Ils ont notamment pour origine l’utilisation de joints inadaptés, qui ne sont pas en silicone (rapport, page 20), et engagent la responsabilité contractuelle de la société C D pour défaut fautif de pose et manquement à son obligation de résultat de réaliser un ouvrage exempt de vices.
La dégradation des joints, dénoncée très peu de temps après la réception du 17 octobre 2013, n’est pas due à une mauvaise utilisation de l’ouvrage par les époux X mais apparaît clairement et exclusivement imputable aux manquements fautifs de la société C D (rapport, pages 27 et 30).
Sur les radiateurs :
La réalité de ce désordre n’a pu être constatée contradictoirement dans le cadre des opérations d’expertise après intervention d’une autre entreprise (rapport, page 28) tandis qu’il n’est pas établi au travers des pièces produites que le ponçage des radiateurs était contractuellement du par l’entreprise C D, selon devis précités des 25 avril 2013, 31 mai 2013 et 17 juin 2013 (pièces n° 2 à 5 produites en demande).
Pour justifier que cette prestation aurait bien été commandée, les époux X versent uniquement aux débats un courrier électronique de Monsieur Z X en date du 24 septembre 2013 (pièce n° 22 produite en demande) affirmant que l’entreprise lui aurait assuré que les radiateurs seraient « bien poncés et bien peints », en violation du principe selon lequel nul ne peut se constituer de preuve à soi-même.
Les époux X devront donc être déboutés de leur demande formée au titre de ce désordre, dont la réalité n’est pas établie.
Sur les fissures entre bâtis et murs :
Ces désordres sont analysés en page 20 du rapport d’expertise judiciaire et consistent notamment en des fissures entre le dormant de la porte et le mur en rentrant à gauche des toilettes, comme dans la chambre 3, des dormants de portes non rectilignes, de petites boursouflures aux abords du cadre de la porte de la chambre 1 et un gonflement plus important côté chambre.
Ils ont été dénoncés dans l’année de la réception et relèvent de la responsabilité de droit commun.

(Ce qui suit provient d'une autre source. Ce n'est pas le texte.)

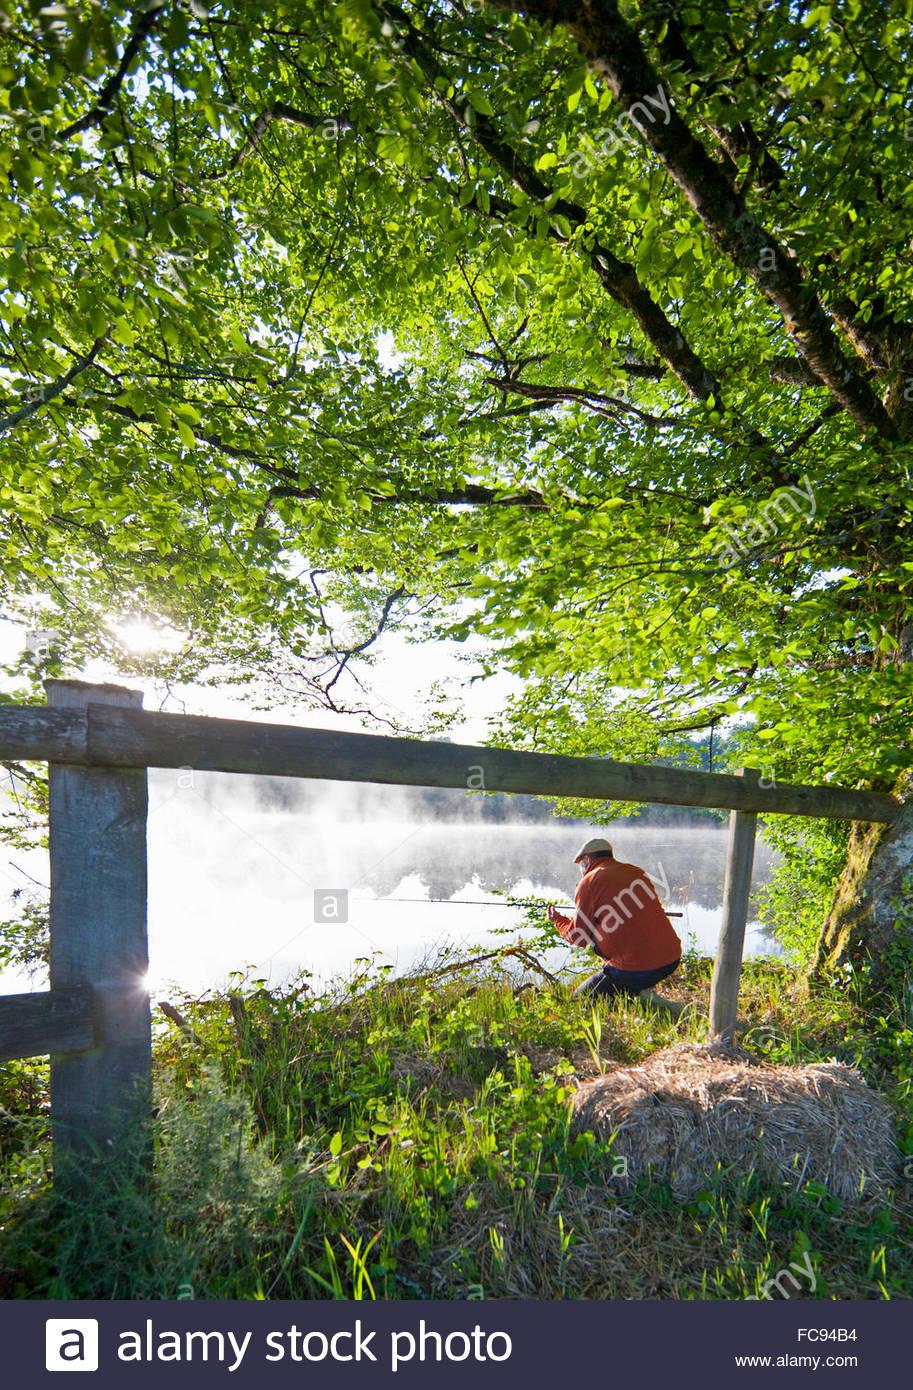 Fisherman carp fishing at lakeside beyond green trees and fence - Stock Image

Ils ont pour origine une exécution défectueuse des travaux préparatoires avant la pose carrelage avec :
— des espaces importants entre carrelage et support comblés avec des joints dans les salles d’eau et le WC,
— une jonction entre deux matériaux différents non traitée,
— une pose déficiente des fixations des bâtis, ayant entraîné les boursouflures,
Ces défauts d’exécution fautifs, avec des manquements évidents aux règles de l’art, sont de nature à engager la responsabilité contractuelle de la société C D (rapport, page 28).
Les époux X n’étaient pas tenu d’accepter la proposition de reprise formulée par la société C D, suggérant en outre de leur proposer un nouveau devis pour travaux supplémentaires, s’agissant de prestations qui étaient déjà incluses dans le devis initial (rapport, page 21).
Sur la mise en jeu incorrecte de la porte de la chambre 3 :
Ce désordre est décrit en page 20 du rapport d’expertise judiciaire et consiste en une mise en jeu défectueuse de la porte de la chambre 3 (défaut de pose).
Il a été réservé à réception (pièce n° 25) de sorte qu’il relève de la responsabilité contractuelle de droit commun et engage la responsabilité contractuelle de l’entreprise C D pour une exécution fautive de sa prestation et pour manquement à son obligation de résultat de réaliser un ouvrage exempt de vices.
Sur la serrure manquante pour la salle de bain :
L’expert judiciaire a constaté que la serrure était effectivement manquante pour la salle de bain (rapport, page 21), tandis qu’il ressort du devis de fournitures n° 2013-05-31-OS-SED de la société C D qu’il était prévu d’installer une poignée pour porte coulissante intégrée dans la salle de bains, avec une « serrure à condamnation » (pièce n° 7 produite en demande).
Cette non-façon, dénoncée dans l’année de la réception, relève de la responsabilité contractuelle de droit commun et engage la responsabilité de la société C D sur le fondement de l’article 1147 du Code civil, pour non-respect fautif de ses engagements.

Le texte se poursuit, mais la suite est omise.